CentralDramaFamilyMusicalReview

The Wizard of Oz – New Theatre, Oxford

Reviewer: Simon Tavener

Writer: L. Frank Baum

Music: Harold Arlen

Lyrics: E.Y. Harburg

Additional Music and Lyrics: Andrew Lloyd Webber and Tim Rice

Adaptors: Andrew Lloyd Webber and Jeremy Sams

Director: Nikolai Foster

The first stage version of The Wizard of Oz was written in 1902, this touring production uses the script and score put together for the London revival more than a century later. There was, of course, a rather successful film adaptation in the 1930s which still has the best songs of any retelling of Baum’s original.

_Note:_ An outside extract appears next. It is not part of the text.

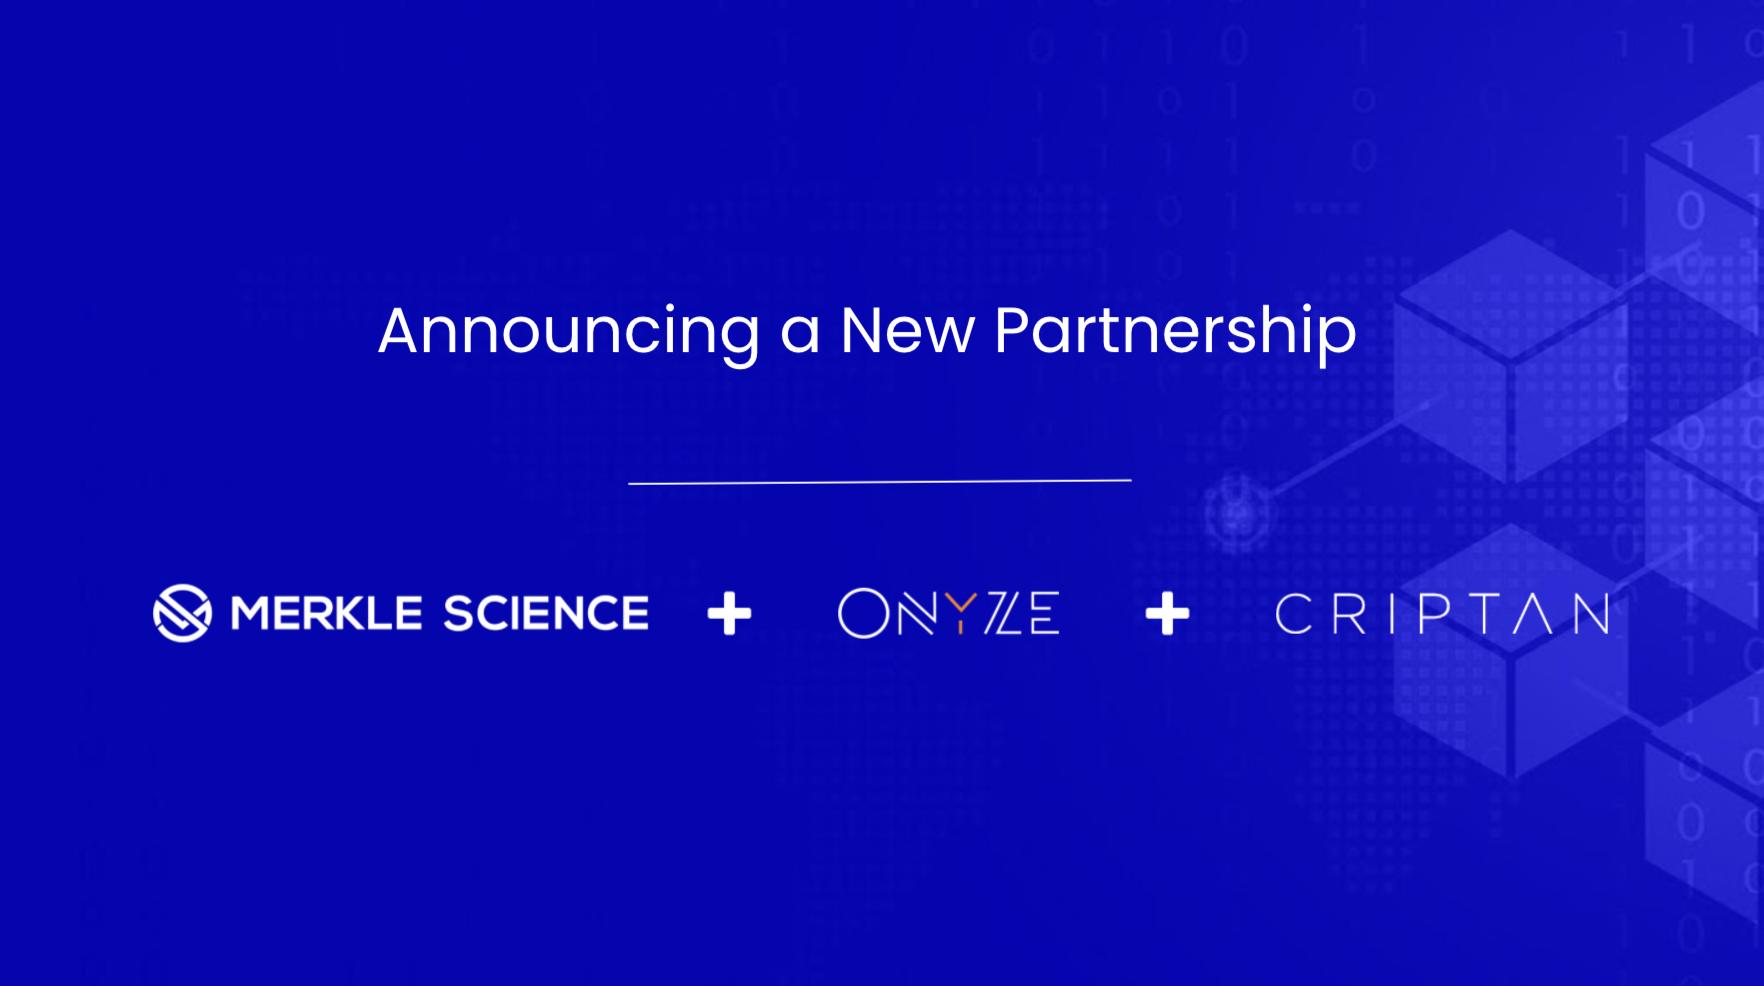 Merkle Science partnerships

There is no doubting the polish and professionalism on display in the current revival. Directed with purpose by Nikolai Foster, it comes to life through the energetic choreography by Shay Barclay which is delivered with commitment by the talented ensemble. The visuals are particularly impressive with the outstanding projection design by Douglas O’Connell and his team.

On the whole, the cast is strong. The trio of Benjamin Yates (Scarecrow), Nic Greenshields (Lion) and Martin McCarthy (Tin Man) do great work in bringing their own flair to these iconic roles. Their timing, vocals and physicality are just what you need with these characters.

Aviva Tulley as Dorothy has a strong voice and delivers Somewhere Over the Rainbow in a fresh but still authentic way. She has a pleasing stage presence but is somewhat overshadowed during ensemble numbers due to an unhelpful sound balance.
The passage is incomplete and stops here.